Approaches to combating sexual harassment commonly focus on legal compliance to protect an employer from potential litigation. These quick fixes aren’t designed to address the reality of the problem. The problem is not only with knowledge of the law, but also with implementation and respect of underlying norms of behavior. Uber’s generic sexual harassment training did not deter the behavior of Fowler’s manager who sent his first harassing messages to her on her first day on the team. Neither did that training equip HR to effectively respond: HR told Fowler they wouldn’t feel comfortable implementing such standards because he “was a high performer.” The problem was not an awareness or content knowledge of what one should do, but a deeper resistance to actually doing it. In the real world, an employer will be held accountable in the court of public opinion, not just a court of law. Susan Fowler didn’t need to file a lawsuit–in fact she never did, she just needed a blog.

Efforts to combat sexual harassment should be robust, informed by best practices, devised with accountability in mind, and integrated into a broader diversity and inclusion strategy. To be part of an effective harassment prevention program, training should be driven by research and best practices. In advising and training companies with ReadySet, I incorporate insights from across disciplines, including my own research on sexual harassment at Harvard.

So, what does the evidence say about sexual harassment training?

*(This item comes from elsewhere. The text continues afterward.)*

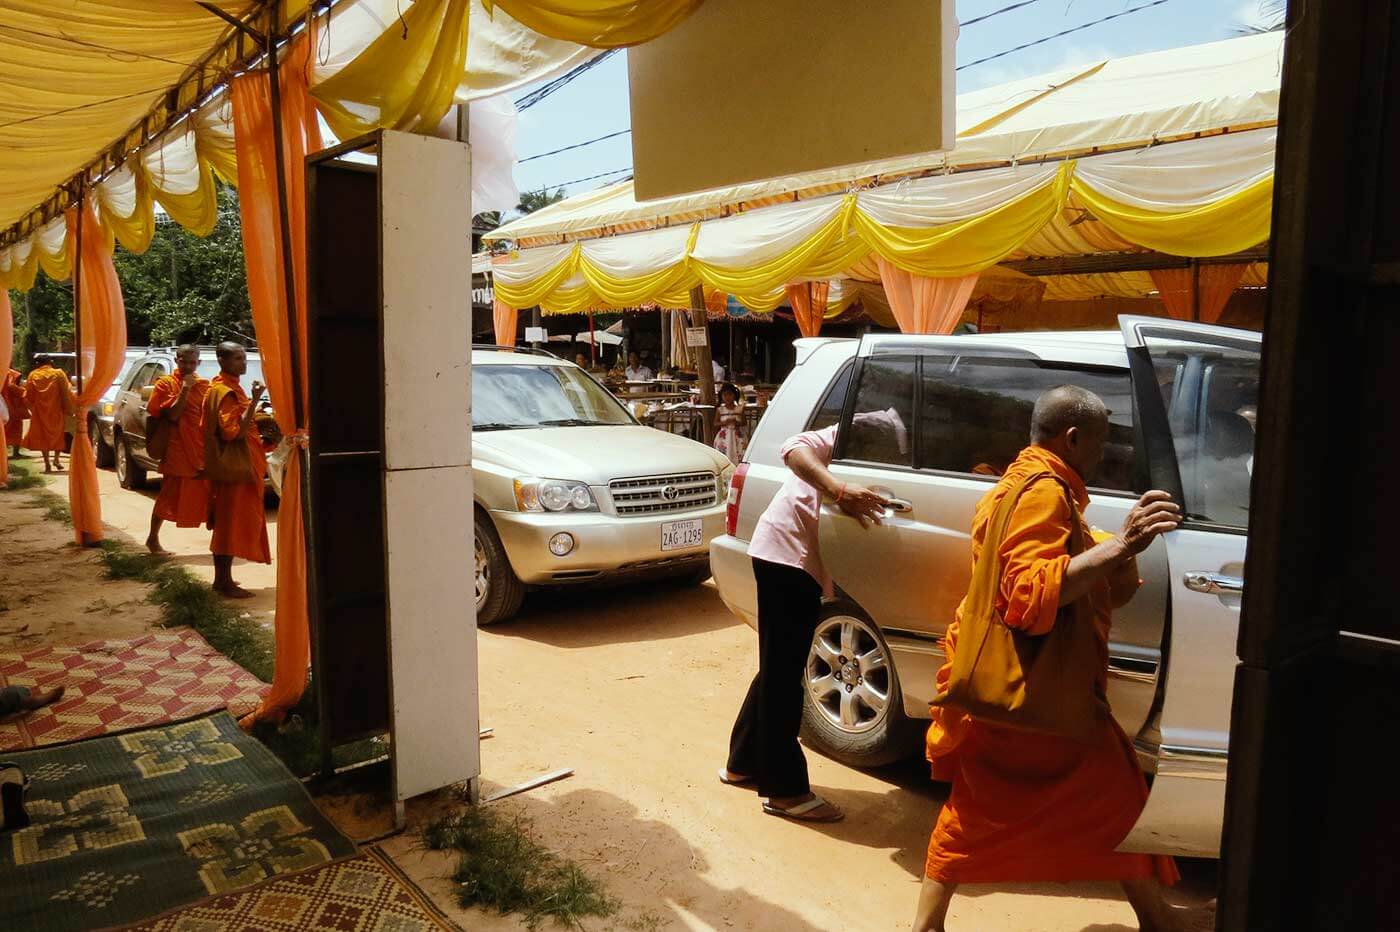 Mönche steigen wieder in Autos, nachdem sie auf einer Feier ihren Segen gegeben haben

  1. Trainings must be in person, customized for participants, and invest real time. The longer the training, the more effective. That’s just the reality. Specifically, training should be at least 4 hours in length. Not only does the length of time increase training effectiveness (in acquiring knowledge and skills), but participants actually enjoy it more, reporting more positive reactions to the training. Training should also be customized for different constituents. Team leaders and management will have different concerns than team members. Both need to have the skills to identify and combat sexual harassment in their unique working context.
  2. Training is most effective in educating employees through knowledge and skills. Don’t expect training to change attitudes of your employees–the data says that’s unlikely. However, focusing on knowledge and behaviors, sexual harassment training can enable employees to understand the underlying dynamics of power, intersectionality, and masculinity at their core. Empirical data can help employees recognize and reject harassment. Training must enable participants to be become more aware of the assumptions and biases they bring–whether the evaluate differently an inappropriate comment made to a black female employee versus a white female colleague. It should instruct participants how to monitor their own actions and respond appropriately. That’s a lot, which means investing in an expert trainer.
  3. Training must be integrated and embedded in other initiatives. It cannot stand alone. Study after study shows that training when implemented alone or on an ad hoc basis doesn’t work. Sexual harassment training should be part of broader learning and development programming that incorporates diversity and inclusion considerations into all aspects of the curriculum. Furthermore, it should be integrated into an organization’s diversity and inclusion strategy, and supported with strong policies and accountability mechanisms.

Solving the problem of sexual harassment means preventing it in the first place. To tackle the problem of sexual harassment, we must first understand the underlying dynamics of power, intersectionality, and toxic behavior. We should also acknowledge that common approaches to dealing with sexual harassment don’t work very well, in part because they do not take these cultural dynamics into account. Sexual harassment does not happen a vacuum. It’s symptomatic of a broader cultural failing. It’s only when we address that culture do we stand a chance of success.